Царь, свита и растянувшаяся между лошадьми всадников и за ними резвая ватага гончих, взволнованных и оглашающих частым лаем окрестности, миновали заставу и вырвались за пределы западного пригорода. По привычке с разбегу все пересекли хорошо знакомый брод речки. На другом берегу собаки чуть задержались, чтобы отряхнуться от воды, и опять нагнали лошадей, опять вместе с ними устремились торной дорогой вглубь лесной чащи. Дорога эта, местами зарастая травой, было одним из ответвлений Смоленского шляха. И, как ручей вливается в речку, она вывела охотников на саму большую Смоленский дорогу, широкую и наезженную, словно разрывающую лес ровным путём к западным крепостям государства. И сразу же участники охотничьего выезда увидели впереди чёрную карету патриарха, которая ехала, не ехала, а при их появлении в виду обзора из заднего оконца явно остановилась.

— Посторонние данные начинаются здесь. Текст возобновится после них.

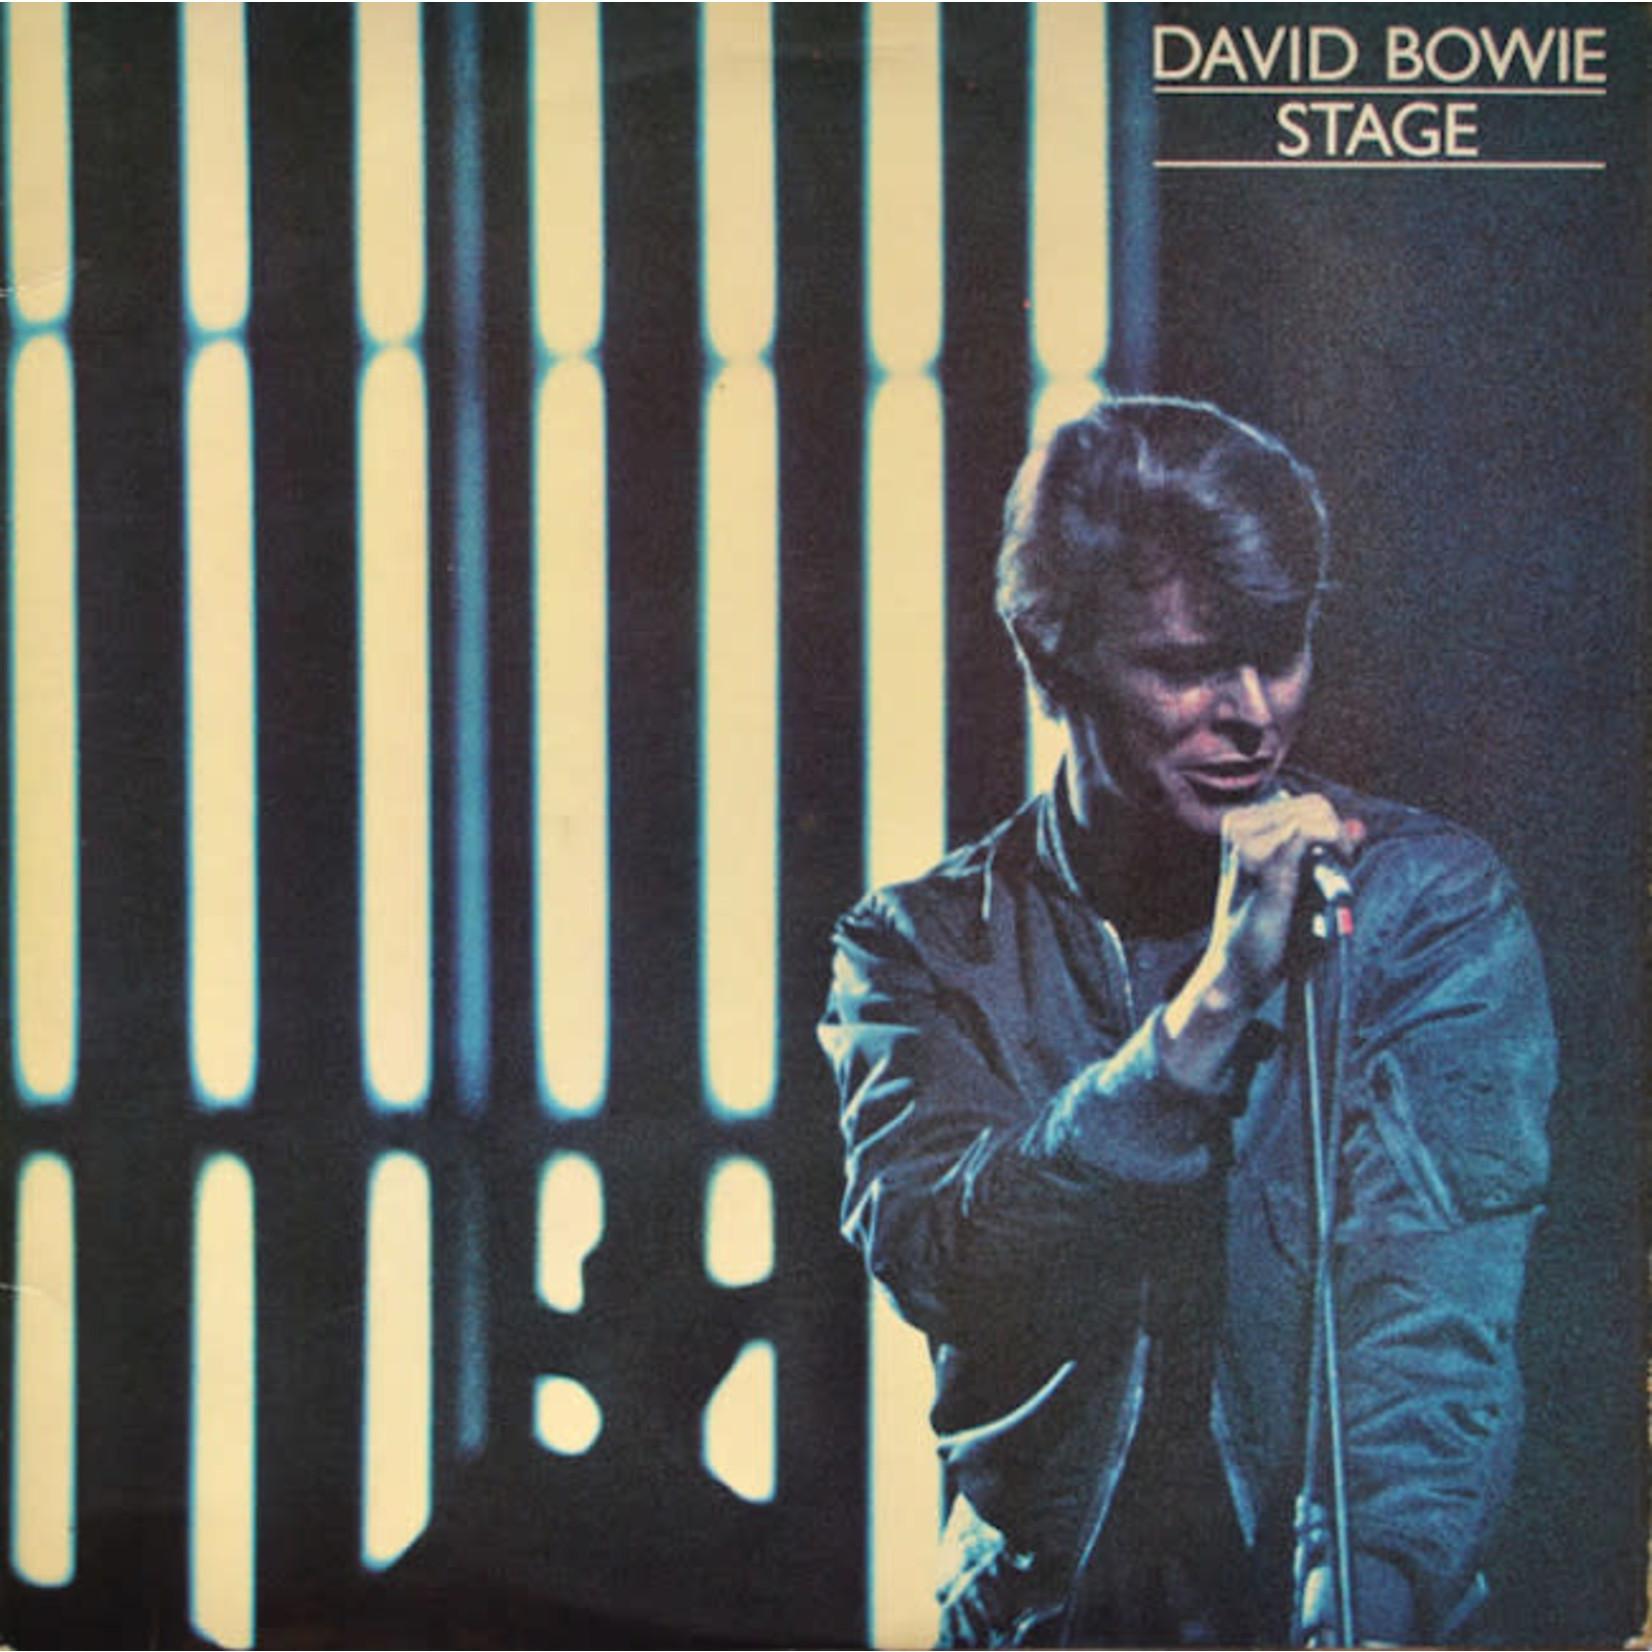 [Vintage] Bowie, David: Stage (2LP)
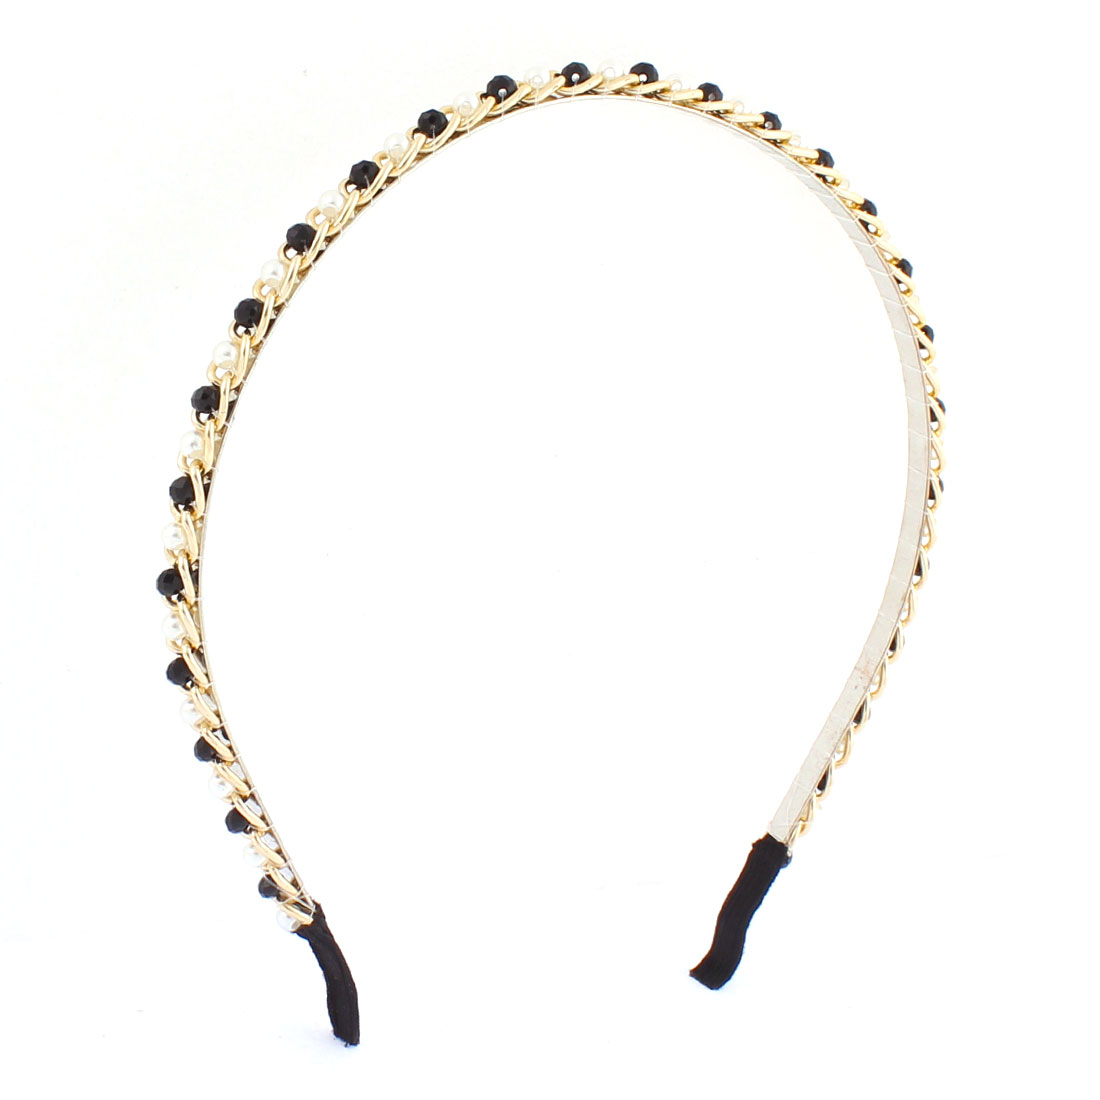 Lady Faux Beads Rhinestone Inlaid Metal Chain Decor Hair Hoop Hairband Headband Hairpin Headdressing

Никон вне сомнения поджидал царя для разговора без присутствия Ртищева и иных своих недругов, и выражение неудовольствия омрачило разгорячённое лицо Алексея Михайловича, как тень облака, наплывающая на цветущий луг. Он неохотно осадил кобылу напротив патриарха, который вылезал на свет, словно медведь из тёмной берлоги, и жестом руки и коротким указанием распорядился егерям, главному лесничему царских подмосковных лесов и полусотнику стрельцов проехать мимо и подождать дальше. Лишь собаки не признали этого распоряжения, возбуждённо окружили карету. Они шныряли между колёсами и мешались в ногах лошадей и Никона.

– Пошли прочь! – хорошо поставленным сильным голосом прикрикнул он на вертлявых псин.

Молодой царь подавил невольную улыбку. Спрыгнув на дорогу, он преклонил колено и с поцелуем коснулся губами протянутой, слегка пахнущей ладаном руки патриарха. Поднялся, и следом за Никоном отошёл к чёрным стволам ольховника.

– Премудрая двоица, – раздельно произнося слоги, как требовал Никон, забормотал сидящий на переднем сидении кареты тщедушный седовласый монах, писарь и летописец патриарха, старательно и скоро выводя буквы на расправленном поверх доски листе бумаги. – Премудрая двоица, – повторил он, – встретилась, чтобы вдали от суеты обсудить пути спасения православных Малороссии от Римского ига.

Он не мог слышать, что Никон говорил с царём о другом. Как строгий учитель, наделённый высшим правом отчитывать нерадивого ученика, тот выговаривал царю:

– …Оттого ты и Ригу не взял, – властно качнул он головой, стараясь не замечать назойливых собак, понимая, что упоминание о военной неудаче при осаде ключевого города Ливонии было неприятно молодому государю, – что на Москве угнездилось вольнодумство, множится ересь. Мне, патриарху, грозятся непослушанием и самовольством, используя покровительство нового дворецкого, твоего постельничего Федьки Ртищева.